To ease myself in I decided to join our sibilant South American cousins and drop the ‘th’ sound with which I was taught to pepper my Spanish sentences. Brilliant, I thought – why haven’t I tried this before? No longer will I have to take time out in meetings to mentally practise pronouncing ‘organithathiones’ before composing the sentence. My life will be simpler in one fell swoop.
Just one morning of seseando [pronouncing c and z as s not th] and I realise that it’s not so much a tongue twister as a mind bender. So what’s the background to this quirky phonetic phenomenon?
Don’t worry, dear, he’s from Barthelona
“Dos thervezas, por favor!” goes the typical layperson’s impression of every Juan, Pedro and Carlos. Yip, everyone’s a Hispanist.
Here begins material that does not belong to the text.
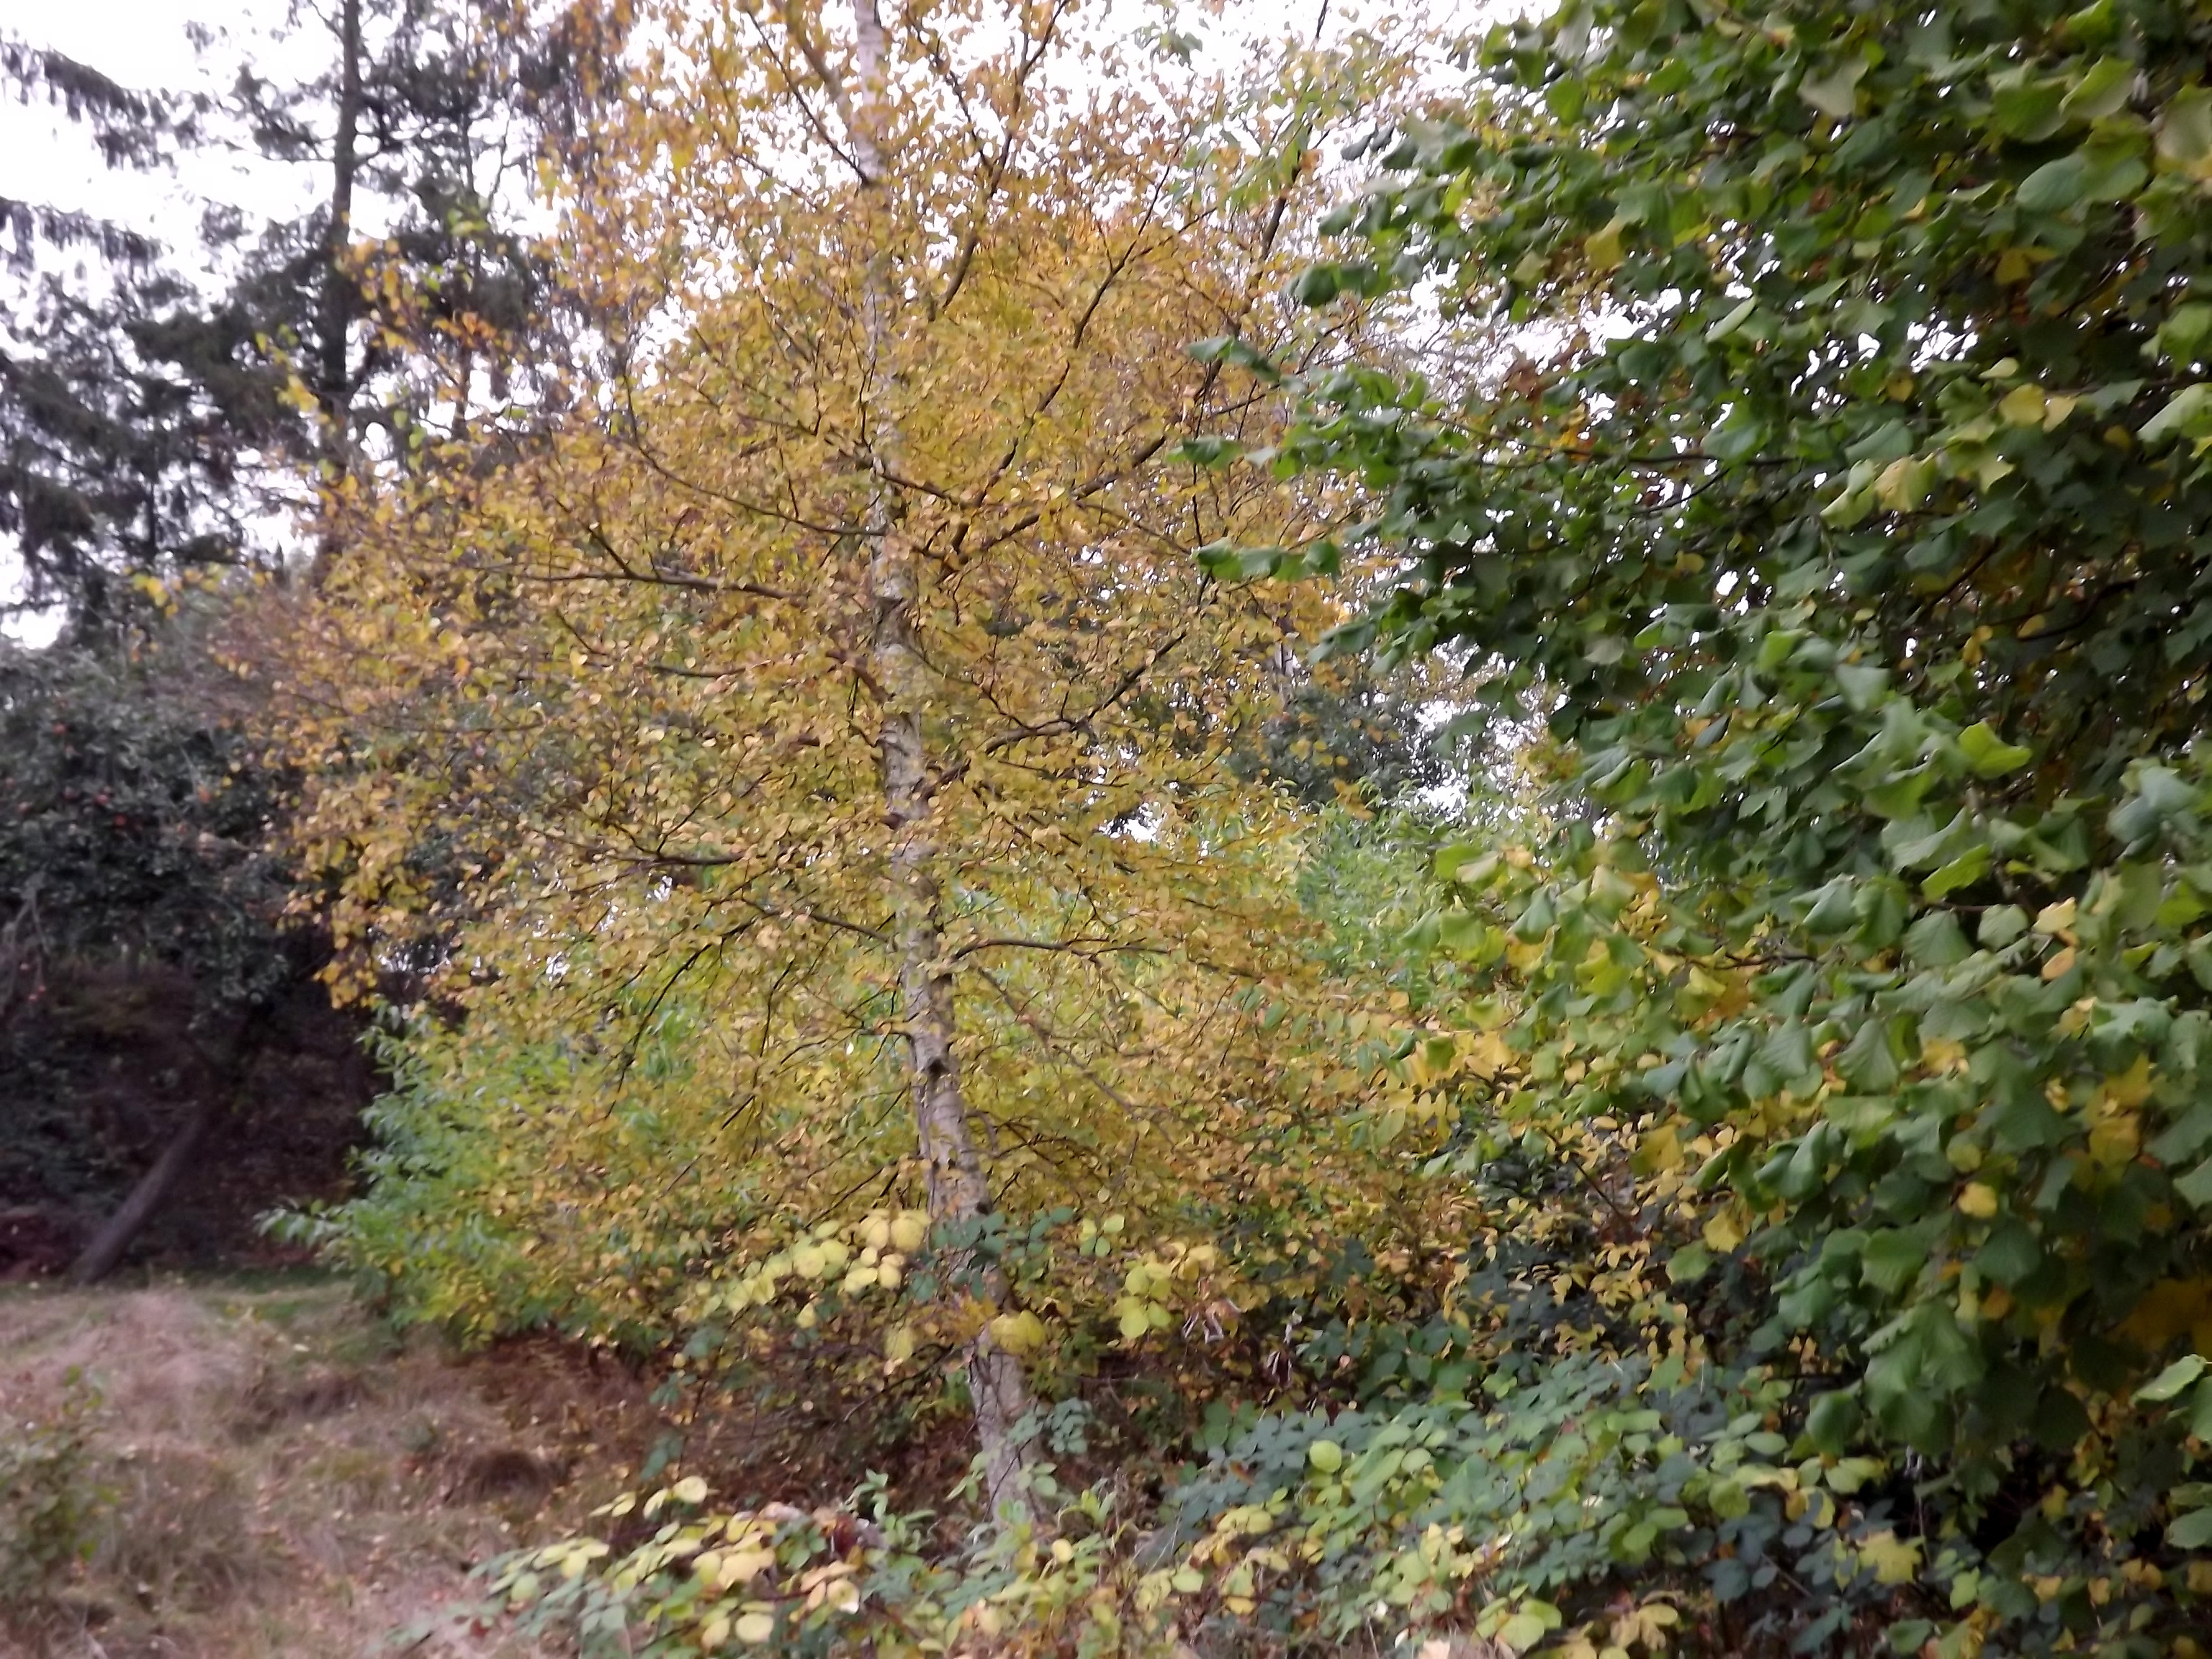 5546-herbst-wald

Unsurprisingly, the much parodied Castilian lisp didn’t actually start with the Seventies British sitcom Fawlty Towers, in which the long-suffering Manuel, the waiter from Barthelona, ambled around unwittingly incurring the wrath of his dimwit boss. The issue of seseo/ceceo was always a linguistic hot potato. In fact, it still stokes passionate arguments today, as you can see from a quick glance at the online forums. Never mind the sensitivities around the Castilian/Catalan debate – the real question is whether you’re hissing your esses with the best of them.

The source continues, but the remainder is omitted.